METHODS: We performed a cross-sectional study involving data from 46 participating practices with 106 physicians collected using self-administered questionnaires and a chart audit of 100 randomly selected charts per practice. The population was health service organizations (HSOs) located in Southern Ontario. We analyzed performance data for 13 preventive maneuvers determined by chart review and used analysis of variance to determine the intraclass correlation coefficient. An index of “up-to-datedness” was computed for each physician and practice as the number of a recommended preventive measures done divided by the number of eligible patients. An index called “inappropriatness” was computed in the same manner for the not-recommended measures. The intraclass correlation coefficients for the 2 key study outcomes (up-to-datedness and inappropriateness) were also calculated and compared.
RESULTS: The mean up-to-datedness score for the practices was 53.5% (95% confidence interval [CI], 51.0%-56.0%), and the mean inappropriateness score was 21.5% (95% CI, 18.1%-24.9%). The intraclass correlation for up-to-datedness was 0.0365 compared with inappropriateness at 0.1790. The intraclass correlation for preventive maneuvers ranged from 0.005 for blood pressure measurement to 0.66 for chest radiographs of smokers, and as a consequence required that the sample size ranged from 20 to 42 physicians per group.

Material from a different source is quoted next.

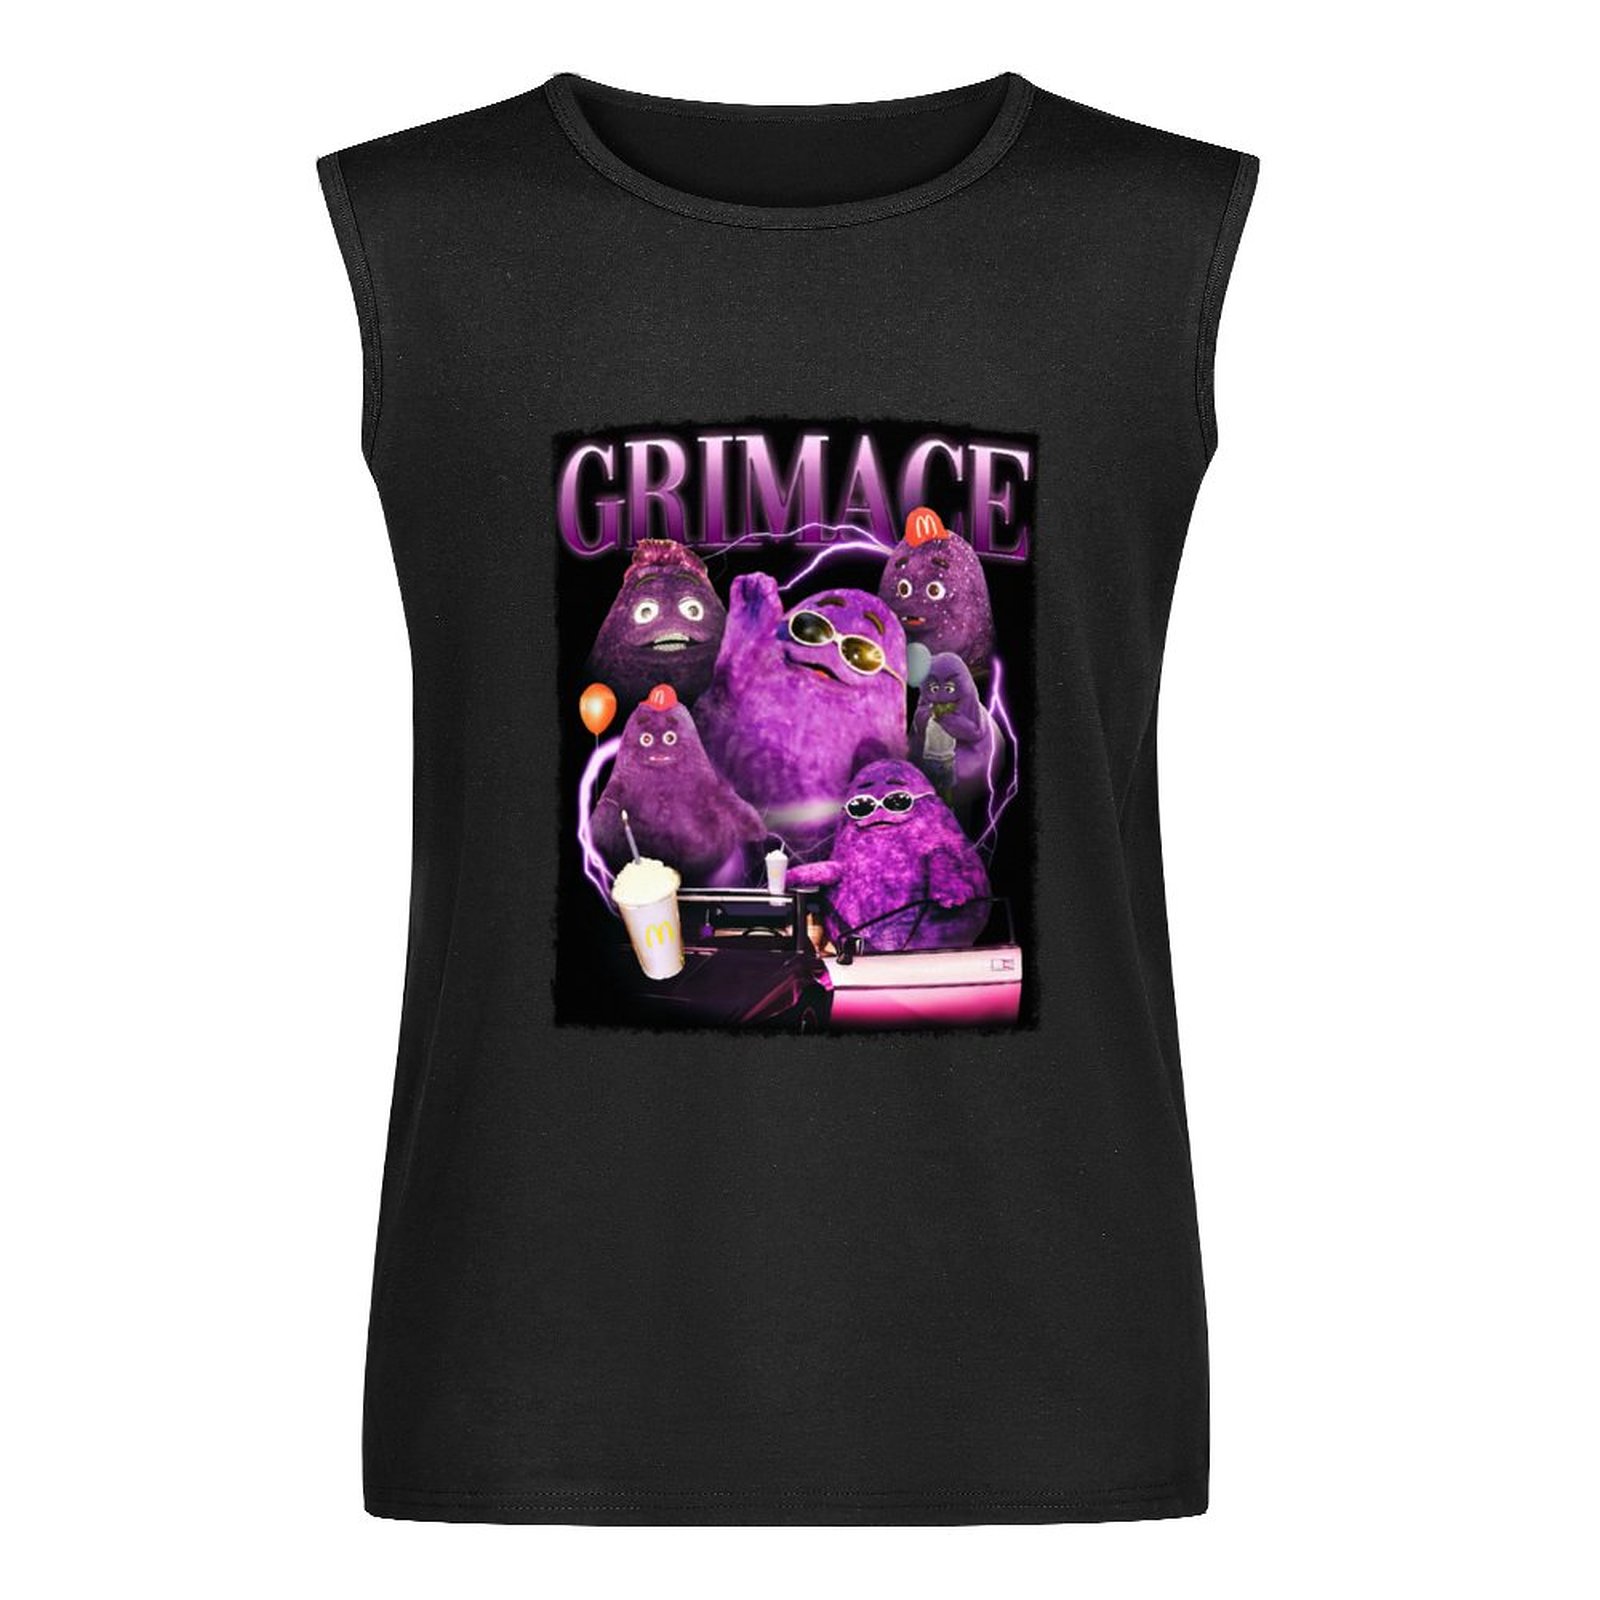 New Grimace in 90s Y2k Style Tribute Tank Top Vest gym top clothes for men summer 3 - Grimace Plush

CONCLUSIONS: Randomizing by practice clusters and analyzing at the level of the physician has important implications for sample size requirements. Larger intraclass correlations indicate interdependence among the physicians within a cluster; as a consequence, variability within clusters is reduced and the required sample size increased. The key finding that many potential outcome measures perform differently in terms of the intracluster correlation reinforces the need for researchers to carefully consider the selection of outcome measures and adjust sample sizes accordingly when the unit of analysis and randomization are not the same.
In conducting research with community-based primary care practices it is often not feasible to randomize individual physicians to the treatment conditions. This is due to problems of potential contamination between intervention and control subjects in the same practice setting or because the success of the intervention demands that all physicians in the practice setting adhere to a guideline. As a result, the practice itself is randomized to the conditions.

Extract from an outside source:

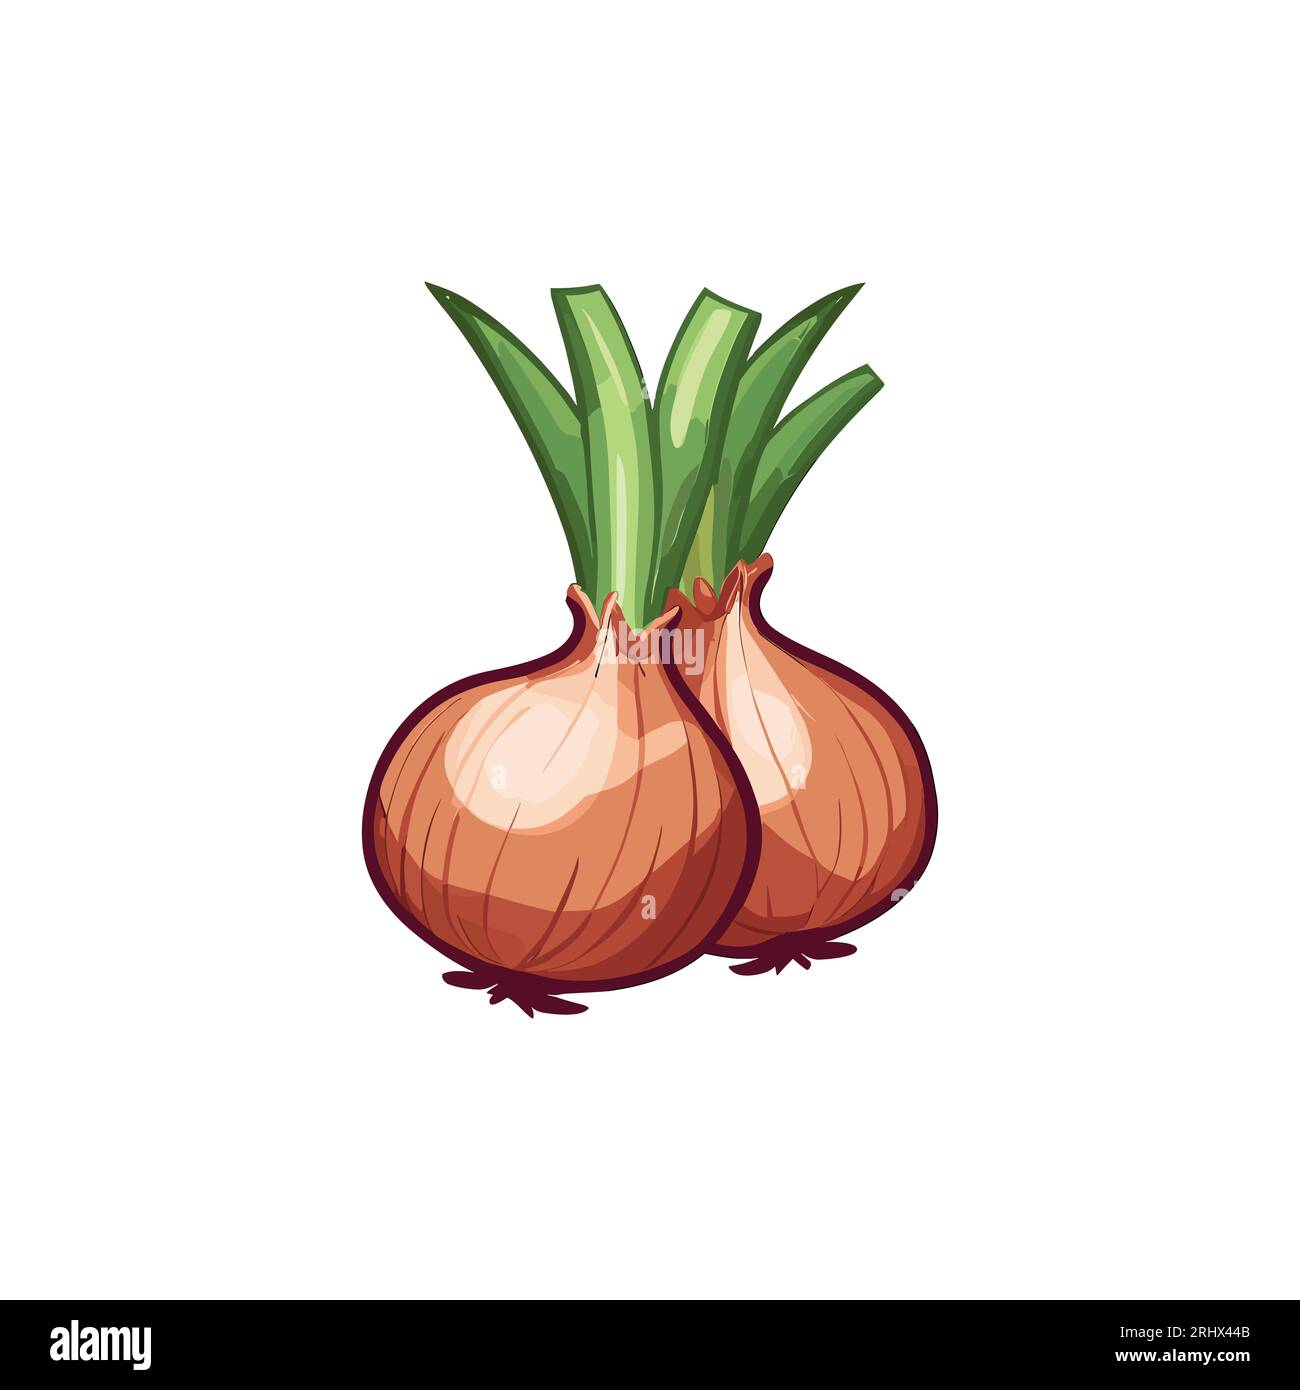 Clipart vector illustration of onions Stock Vector

The randomization of physicians in groups, rather than each individual separately, has important consequences for sample size, interpretation, and analysis.1-3 It is argued that groups of physicians are likely to be heterogeneous,4 giving rise to a component of variation that one must take into account in the analysis and that one can control only by studying many groups of physicians rather than many physicians within each group.4
Randomizing physicians by cluster and then analyzing the data by physician or patient has the potential to introduce possible bias in the results. It has been noted that many studies randomized groups of health professionals (cluster randomization) but analyzed the results by physician, thus resulting in a possible overestimation of the significance of the observed effects (unit of analysis error).5 Divine and colleagues6 observed that 38 out of 54 studies of physicians’ patient care practices had not appropriately accounted for the clustered nature of the study data. Similarly, Simpson and coworkers7 found that only 4 out of 21 primary prevention trials included sample size calculations or discussions of power that allowed for clustering, while 12 out of 21 took clustering into account in the statistical analysis. When the effect size of the intervention is small to moderate, analyzing results by individual without adjusting for the cluster phenomena can lead to false conclusions about the significance of the effectiveness of the intervention. For example, Donner and Klar8 show that for the data of Murray and colleagues9 the P value would be .03 if the effect of clustering were ignored, while it was greater than .1 after adjusting for the effect of clustering.
Using baseline data from a successful randomized controlled trial of primary care practices in Southern Ontario, Canada,10 we will explain the intracluster correlation coefficient (ICC) in determining the required sample size of physicians. The ICC is a measure of variation within and between clusters of physicians. It is a measure of the clustering effect or the lack of independence among the physicians that make up the cluster. The smaller the ICC, the more likely the physicians in the cluster behave independently, and analysis at the level of the physician can proceed without significant adjustment to sample size. The higher the ICC, the more closely the measure quantifies class or group rather than the individual physician, and the effective sample size is decreased to the number of classes rather than the number of individuals. Our objective was to provide information on the cluster effect of measuring the performance of various preventive maneuvers between groups of physicians to enable other researchers in the area of primary care prevention to avoid errors.